→ Dataset content
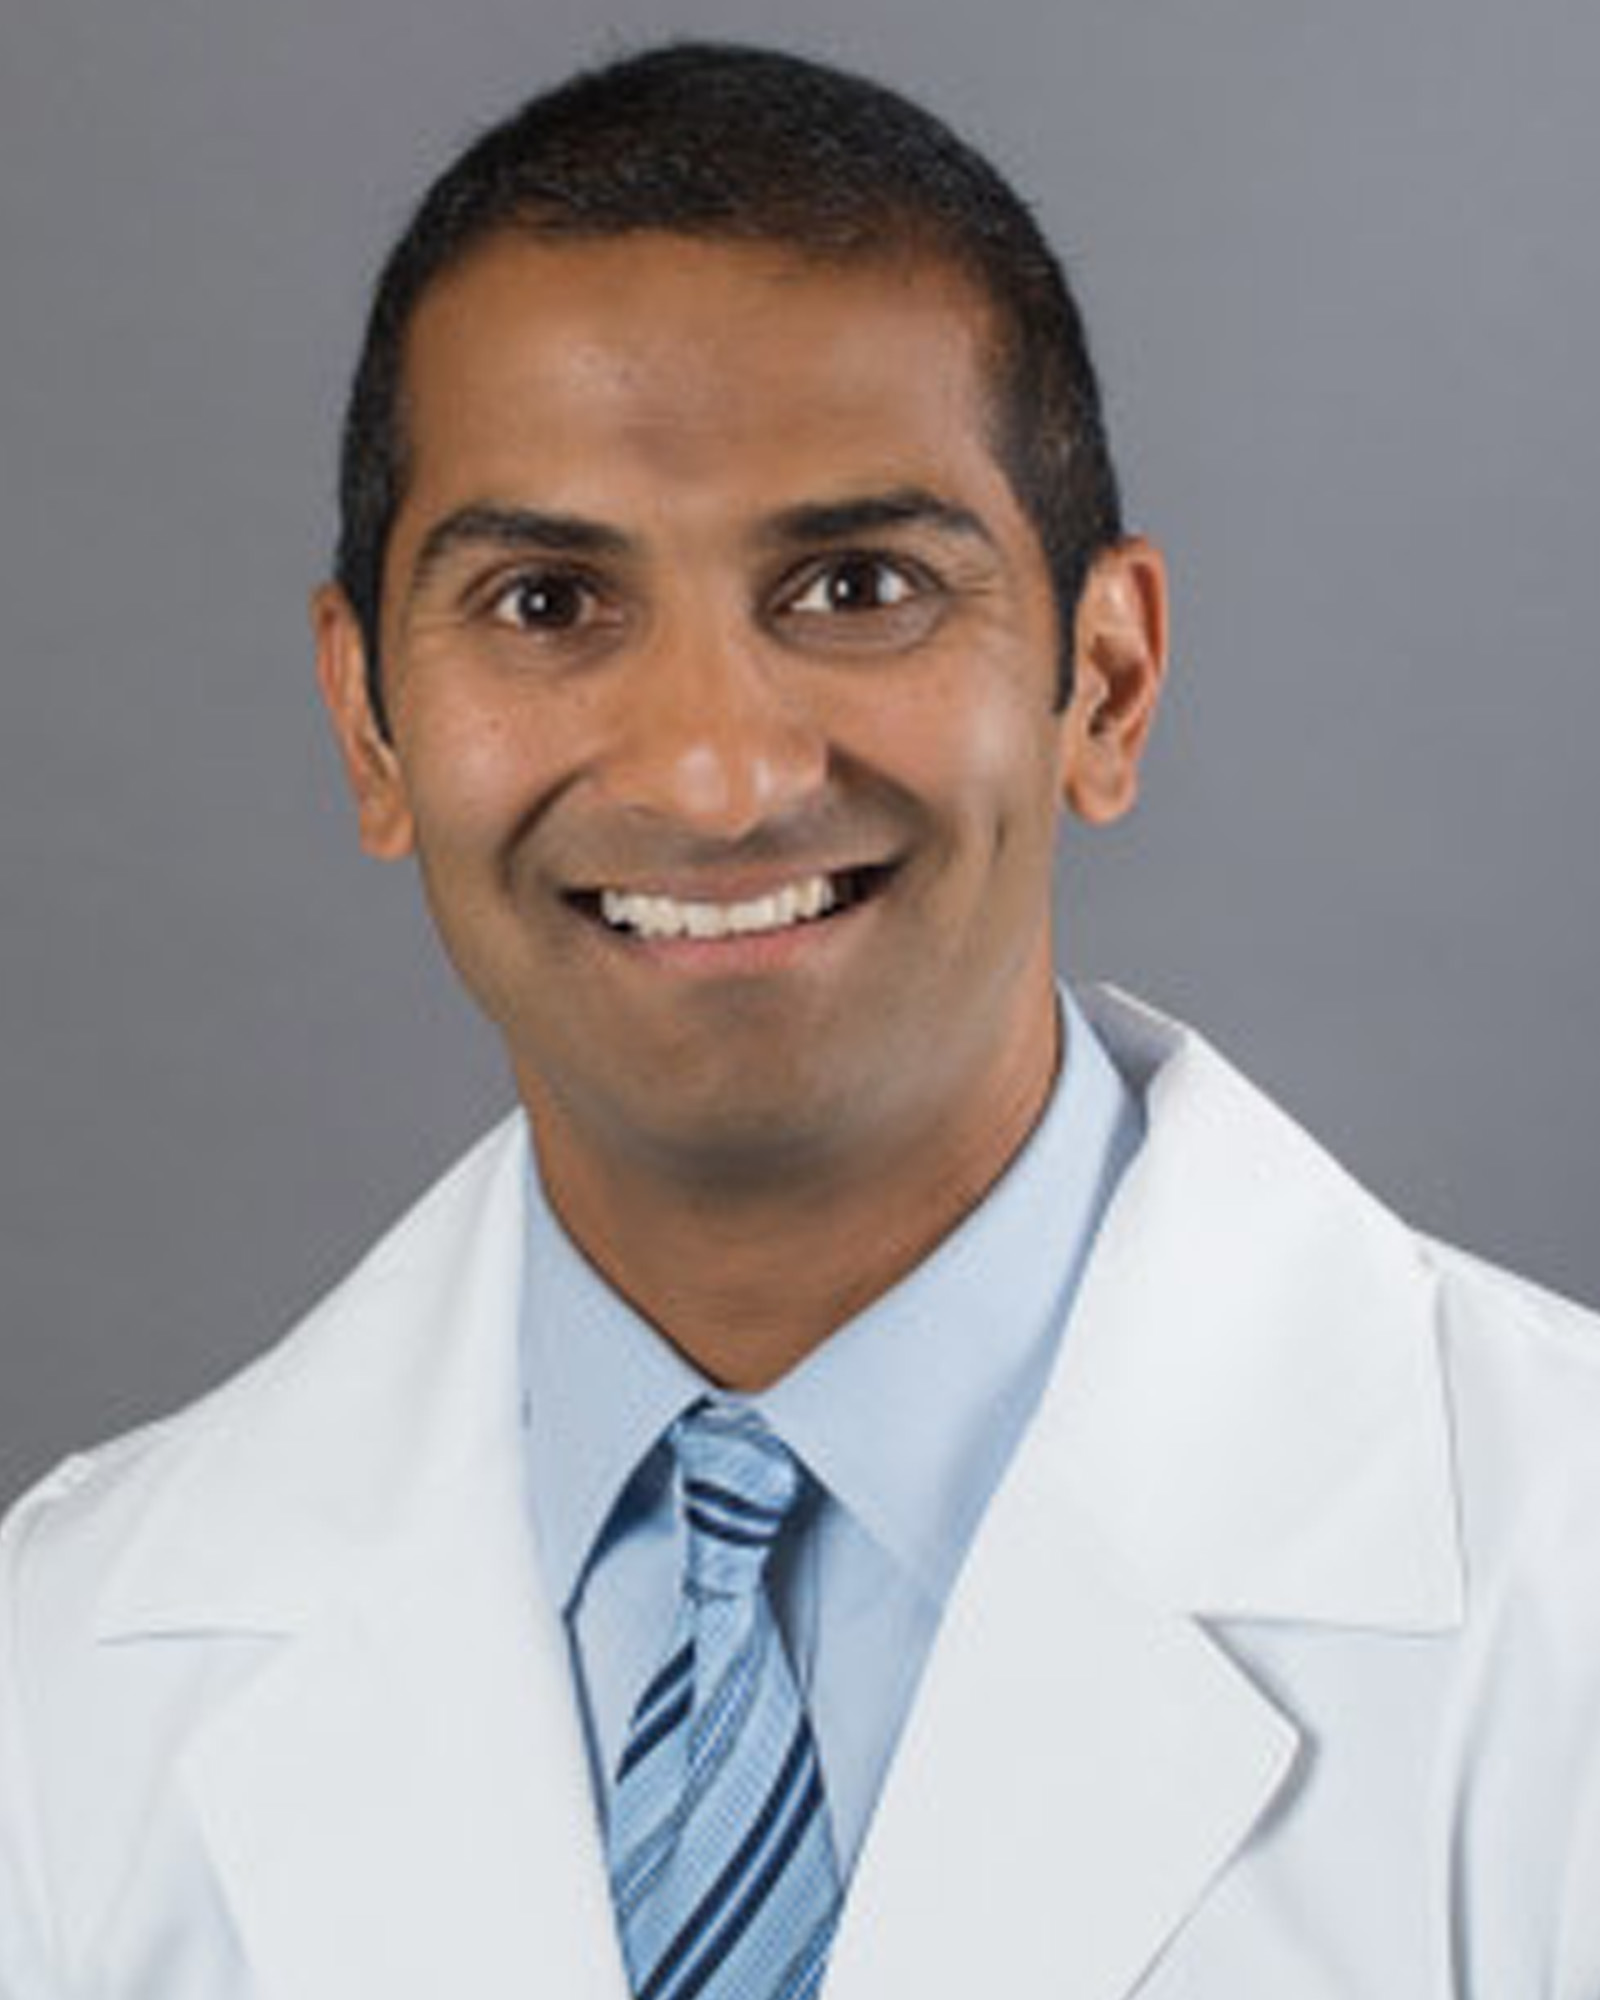 Samir Patel, MD
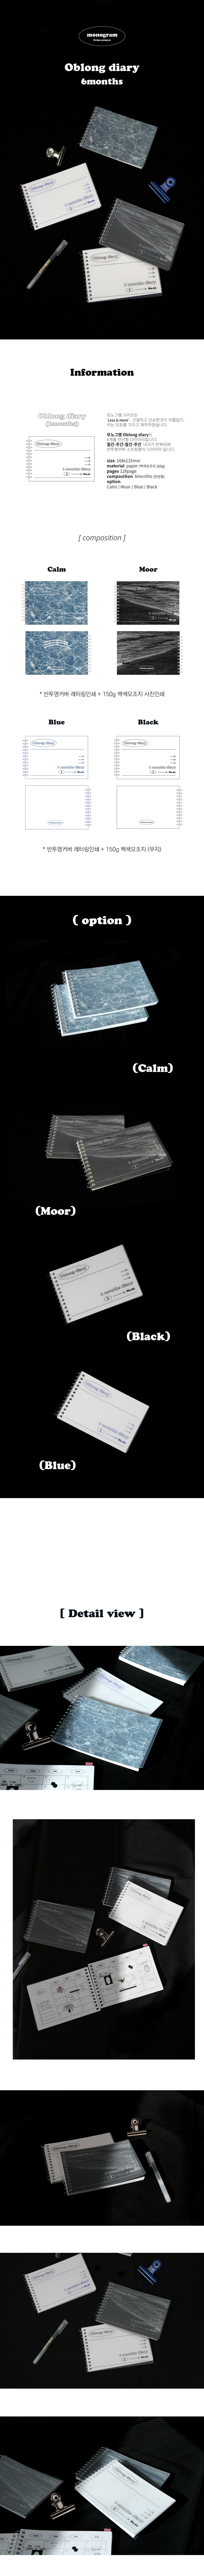 monogram oblong diary (6months) 5,500원 - 디자인곰곰 디자인문구, 다이어리/캘린더, 만년형, 포토 바보사랑 monogram oblong diary (6months) 5,500원 - 디자인곰곰 디자인문구, 다이어리/캘린더, 만년형, 포토 바보사랑
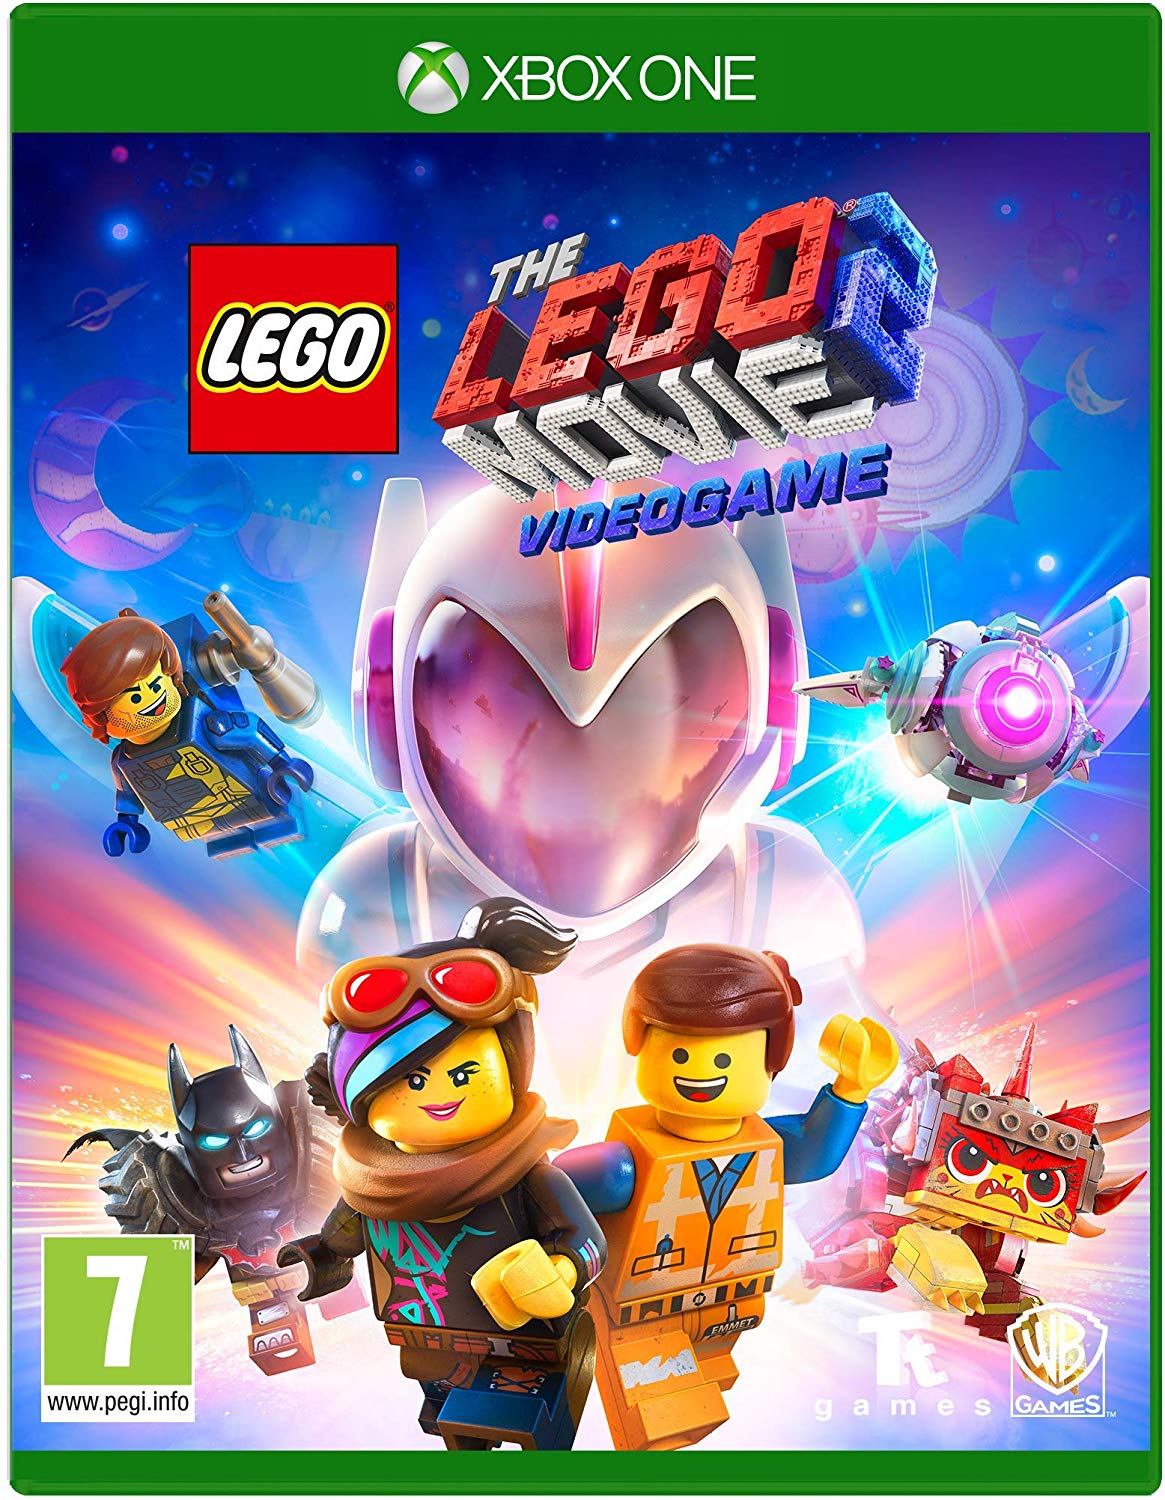 The LEGO Movie 2 Videogame Digital Download Key (Xbox One)

→ Problem description
The pictures alone are to be left out when the data above is copied; all else must match exactly.

→ Answer to this problem
 Samir Patel, MD
 monogram oblong diary (6months) 5,500원 - 디자인곰곰 디자인문구, 다이어리/캘린더, 만년형, 포토 바보사랑 monogram oblong diary (6months) 5,500원 - 디자인곰곰 디자인문구, 다이어리/캘린더, 만년형, 포토 바보사랑
 The LEGO Movie 2 Videogame Digital Download Key (Xbox One)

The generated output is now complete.